> Exercise prompt:
Only the lines from the one with "Marvelous Französisch Giltwood" to the end of the data below should be returned, each exactly as it stands.

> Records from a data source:
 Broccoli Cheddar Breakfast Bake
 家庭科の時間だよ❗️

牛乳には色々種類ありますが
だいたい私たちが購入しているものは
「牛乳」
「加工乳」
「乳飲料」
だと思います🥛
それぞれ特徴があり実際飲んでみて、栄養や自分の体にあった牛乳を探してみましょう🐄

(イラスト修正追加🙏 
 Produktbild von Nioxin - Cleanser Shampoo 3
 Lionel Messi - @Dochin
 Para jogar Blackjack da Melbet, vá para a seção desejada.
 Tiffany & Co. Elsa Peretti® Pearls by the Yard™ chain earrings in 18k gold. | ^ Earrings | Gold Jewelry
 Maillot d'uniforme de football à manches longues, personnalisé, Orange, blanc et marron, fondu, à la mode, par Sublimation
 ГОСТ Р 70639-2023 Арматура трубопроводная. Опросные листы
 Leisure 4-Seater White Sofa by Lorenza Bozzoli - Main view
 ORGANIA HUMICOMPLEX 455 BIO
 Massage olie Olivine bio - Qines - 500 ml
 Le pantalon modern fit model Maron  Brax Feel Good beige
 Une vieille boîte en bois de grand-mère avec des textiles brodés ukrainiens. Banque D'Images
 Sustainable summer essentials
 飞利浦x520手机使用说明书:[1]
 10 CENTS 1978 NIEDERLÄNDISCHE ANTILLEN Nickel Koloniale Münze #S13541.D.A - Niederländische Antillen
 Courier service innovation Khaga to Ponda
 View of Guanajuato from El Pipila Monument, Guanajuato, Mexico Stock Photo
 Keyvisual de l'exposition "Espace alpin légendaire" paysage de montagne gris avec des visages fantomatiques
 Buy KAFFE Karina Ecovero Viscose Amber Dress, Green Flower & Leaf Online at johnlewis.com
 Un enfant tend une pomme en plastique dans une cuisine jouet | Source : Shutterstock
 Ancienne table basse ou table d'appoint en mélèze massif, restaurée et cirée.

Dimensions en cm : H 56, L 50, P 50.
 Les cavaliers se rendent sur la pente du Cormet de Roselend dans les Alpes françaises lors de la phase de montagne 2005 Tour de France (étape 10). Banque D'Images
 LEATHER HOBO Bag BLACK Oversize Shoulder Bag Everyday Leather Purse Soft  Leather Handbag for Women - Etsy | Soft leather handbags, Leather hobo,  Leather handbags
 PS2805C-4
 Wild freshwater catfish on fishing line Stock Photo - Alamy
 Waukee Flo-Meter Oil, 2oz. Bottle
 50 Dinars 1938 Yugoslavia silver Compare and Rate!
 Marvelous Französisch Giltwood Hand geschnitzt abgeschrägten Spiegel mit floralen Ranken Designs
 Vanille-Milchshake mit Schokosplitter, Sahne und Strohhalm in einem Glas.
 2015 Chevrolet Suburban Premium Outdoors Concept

> Exercise output:
 Marvelous Französisch Giltwood Hand geschnitzt abgeschrägten Spiegel mit floralen Ranken Designs
 Vanille-Milchshake mit Schokosplitter, Sahne und Strohhalm in einem Glas.
 2015 Chevrolet Suburban Premium Outdoors Concept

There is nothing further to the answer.